As compared to my beloved Marlin 1894, the Henry is a smoother action and operation out of the box.  The henry has fed everything so far, even 38 ammo (to be fair, my Marlin 1894, which is a newer gun, also feeds everything without issue).  The X model shoots everything.  Some loads are more accurate than others, obviously, and I settled on the 158 grain semi-jacketed soft point load that I use in my Marlin.  As far as function, though, every round I have tried functions fine.  I am really pleased by this as it means both of my lever rifles function with pretty much any possible variation of 357 Magnum or 38 Special cartridge.  This is quite awesome, as lever rifles, particularly those chambered in pistol calibers, tend to be ammo sensitive.

The Henry, while providing the loading gate, also maintains the removable loading tube, which is a huge plus.  To unload the gun you can simply empty the tube by removing it and dumping out the cartridges rather than needing to cycle each round through the action as you must do on a Marlin.  The iron sights on the X model are fantastic, being fiber optics, and the quality of these sights dissuaded me from putting a red dot on the gun, which was my initial plan.  The sights are so good that keeping the gun as slick as possible without an added optic was totally viable, so that is the way I went.
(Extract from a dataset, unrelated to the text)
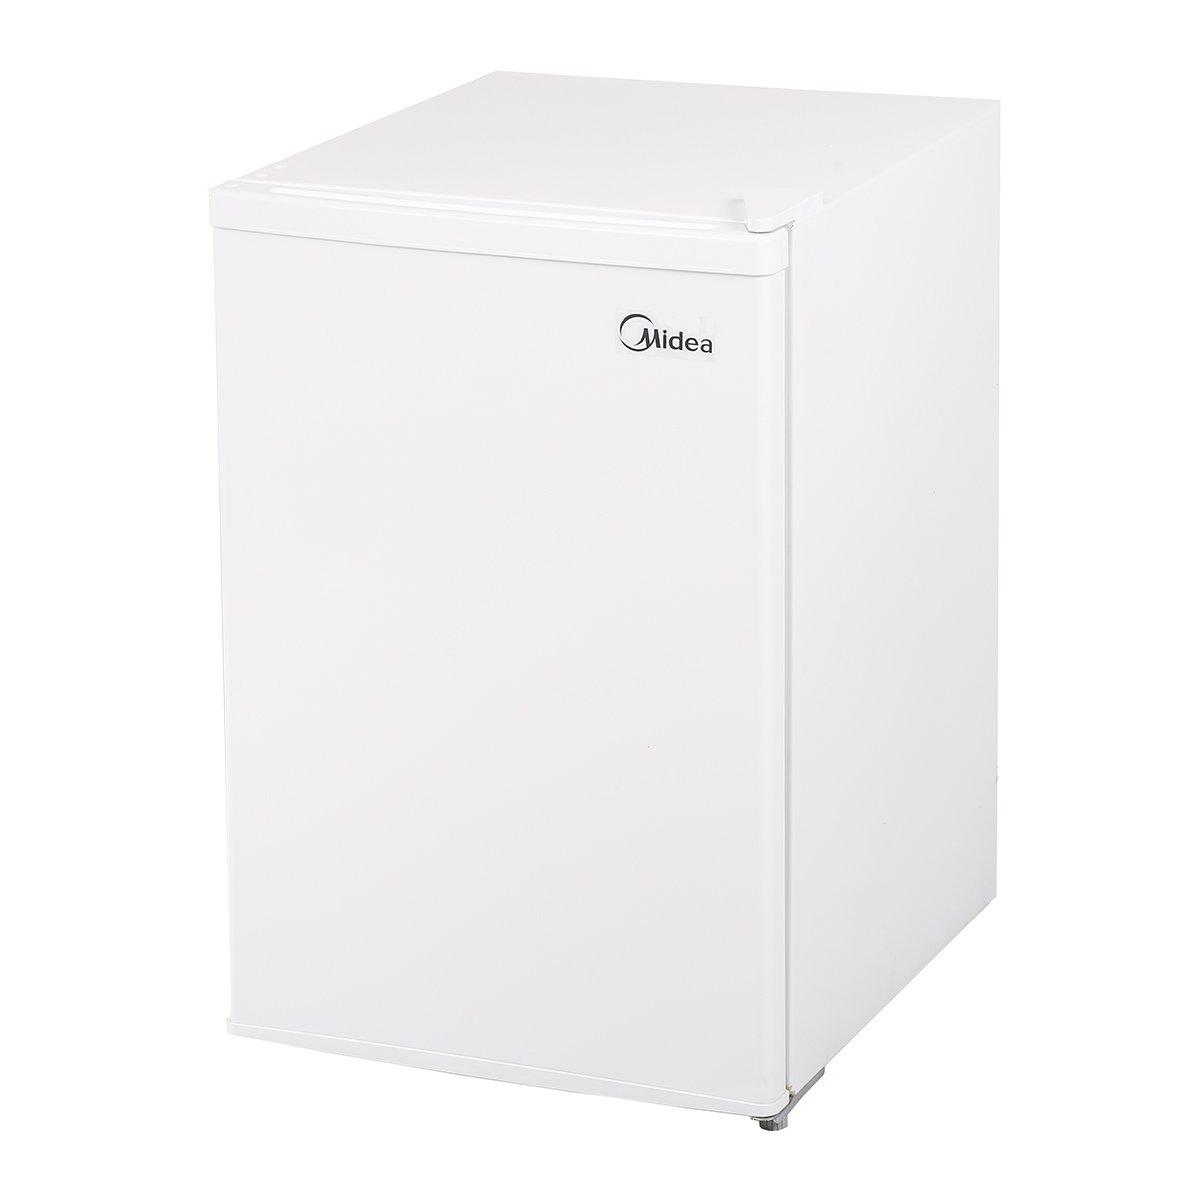 Midea stainless steel compact single reversible door upright freezers - Amazon Com Midea Whs 52fw1 Compact Single Reversible Door Upright Freezer 1 1 Cubic Feet White Appliances
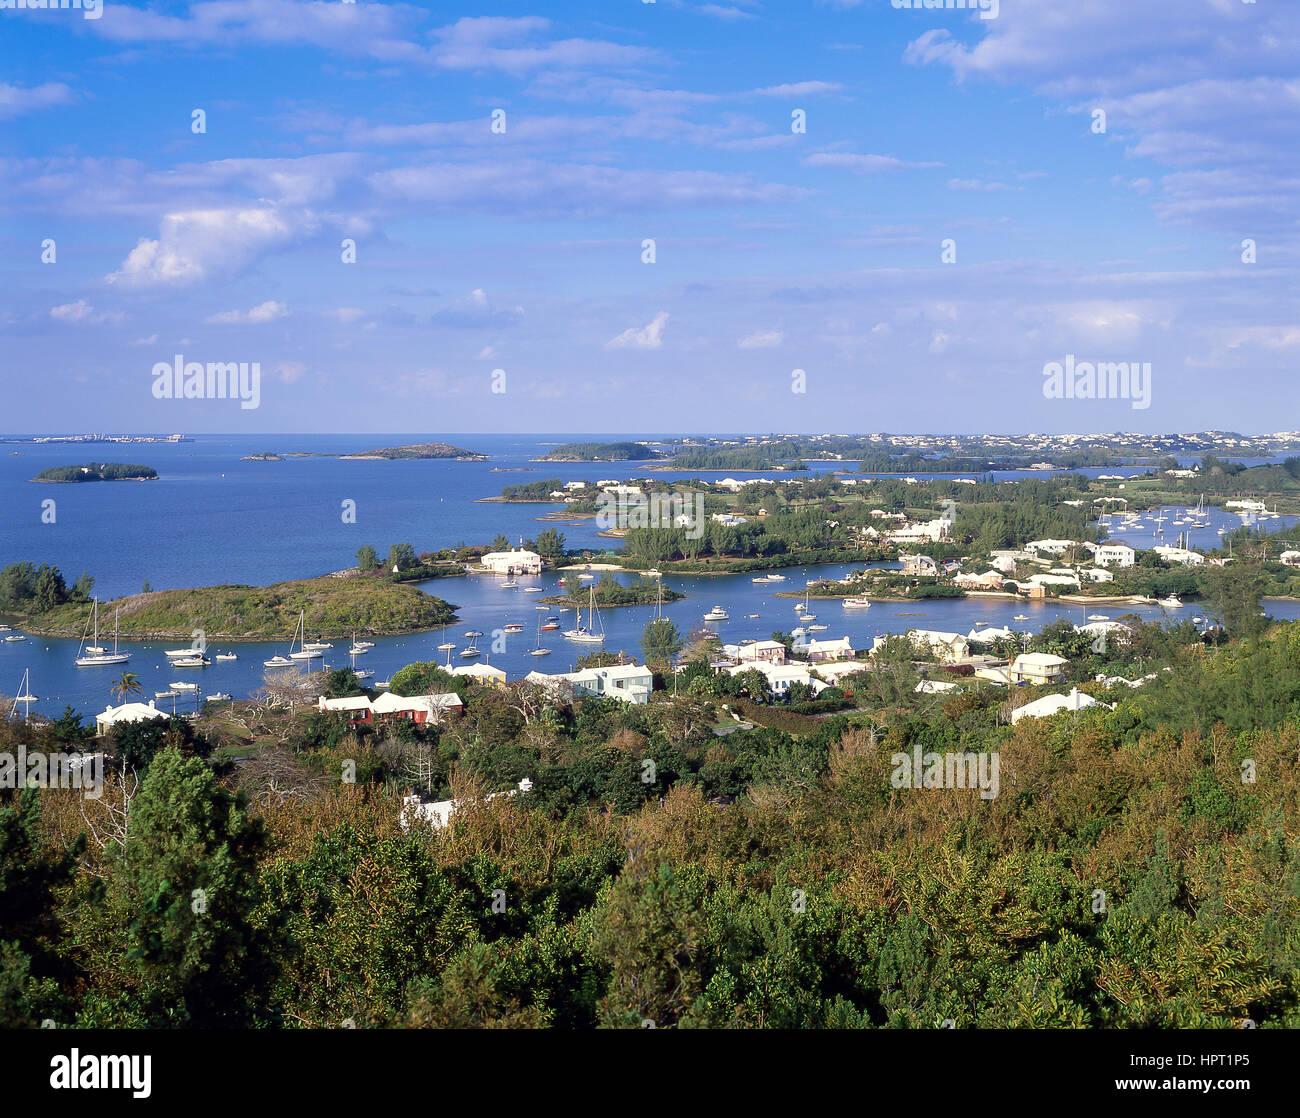 View of inlet, Jew's Bay, Southampton Parish, Bermuda - Stock Image

Finally, the biggest benefit of the Henry over the Marlin is the lack of the ridiculous push button safety.  Lever guns don’t need a safety as they offer a half-cock hammer block (the Henry has a transfer bar, so you just lower the hammer all the way to make it safe).  To make a lever gun safe, you lower the hammer to the safe position.  That’s it.  The addition of the push safety does nothing except introduce a potential failure as it tends to get turned on when you don’t want it on.  This, in my opinion, makes the Marlin design problematic. 

So, in closing, I think I am inclined to recommend any of the Henry rifles with a side loading gate over any of the Marlins (which are currently out of production, hopefully Ruger gets them up and running again).  The design and quality is more consistent and, with the removable loading tube and lack of the stupid safety, they make for a better defensive gun.  With that said, I adore my Marlin 1894 and it remains one of my favorite guns, but this Henry has now entered the fold as the adorable sibling.  What’s better than a good lever gun?  Two of them.  Duh.